= Jim Dunbar =

American radio director and anchor (1929–2019)

Jim Dunbar (October 9, 1929 – April 22, 2019) was an American radio program director, talk show host and news anchor. Dunbar was associated with KGO Radio in San Francisco for 37 years. According to radio historian Ben Fong-Torres, "He changed the Bay Area radio landscape by helping turn KGO from an also-ran into the greatest powerhouse on the dial, with a 30-year run at the top of the ratings."

==Career==
Born in Dearborn, Michigan, Dunbar was a graduate of the Fordson High School class of 1947, and then attended Michigan State University, where he worked at the campus radio station as a play-by-play announcer for basketball games. He then served in the Army for two years, working at the radio station for Fort Riley, Kansas.

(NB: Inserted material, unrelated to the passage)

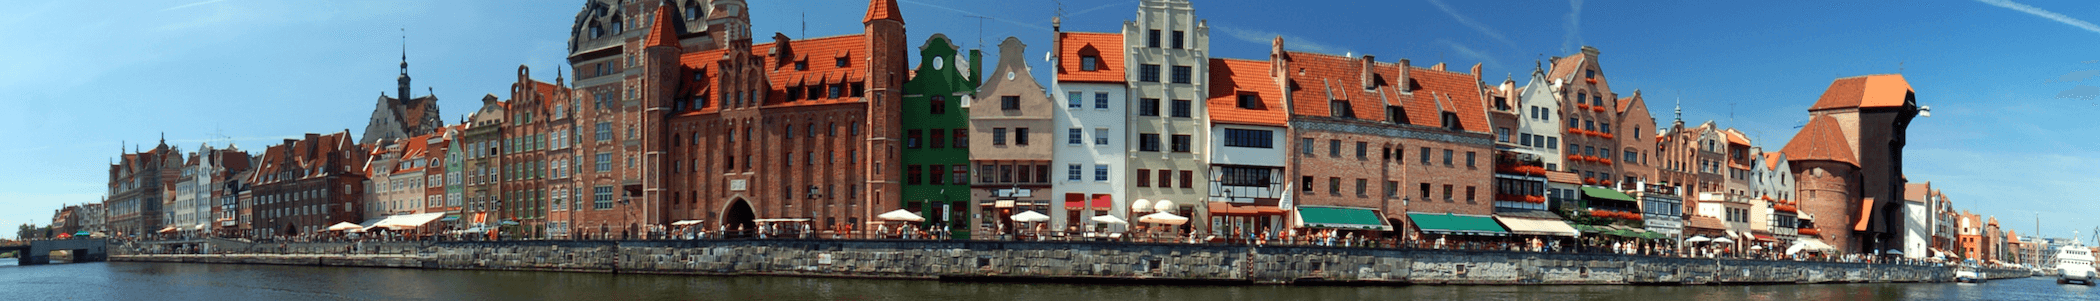 Banner image for Gdańsk on GigsGuide

He later worked as a rock DJ at WXYZ in Detroit, WDSU in New Orleans (where he was also station manager), and WLS (AM) in Chicago before moving west to work for KGO in 1963. Dunbar worked at ABC-owned-and-operated KGO for the next 37 years, retiring in 2000. In addition to his radio work, he also hosted the popular AM San Francisco morning talk program on KGO-TV (Channel 7) for many years, beginning in 1965.

In 1969, a man called San Francisco police, identifying himself as the serial killer known as The Zodiac, and agreed to call Dunbar during AM San Franciscos live broadcast if either attorney Melvin Belli or attorney F. Lee Bailey were present on air. The police contacted Belli and Dunbar to arrange this in the hopes of capturing the individual. The suspect called as promised, spoke a few words, and then hung up, repeating this activity 54 times over the next two hours. The caller was later identified as a mental patient named Eric Weill, who called from Napa State Hospital. Police quickly ruled Weill out as the Zodiac. However, Belli received a letter from the actual Zodiac later that same year.

In 1973, a gunman entered the KGO studio and fired at Dunbar while he was on the air; bulletproof glass stopped the bullet, but the gunman subsequently killed a station employee and then himself.

==Honors==
He was elected to the National Radio Hall of Fame in 1999, and to the Bay Area Radio Hall of Fame (Class 2006) in 2006 as a member of the first class to be inducted.

==Personal life and death==
Dunbar was married to Beth Monroe, whom he met in New Orleans; they had a son and a daughter.

On April 22, 2019, Dunbar died peacefully due to old age, according to his daughter.

==Portrayals==
Dunbar is portrayed by actor Tom Verica in the 2007 film Zodiac, in a scene recreating the call to AM San Francisco by the person claiming to be the Zodiac Killer.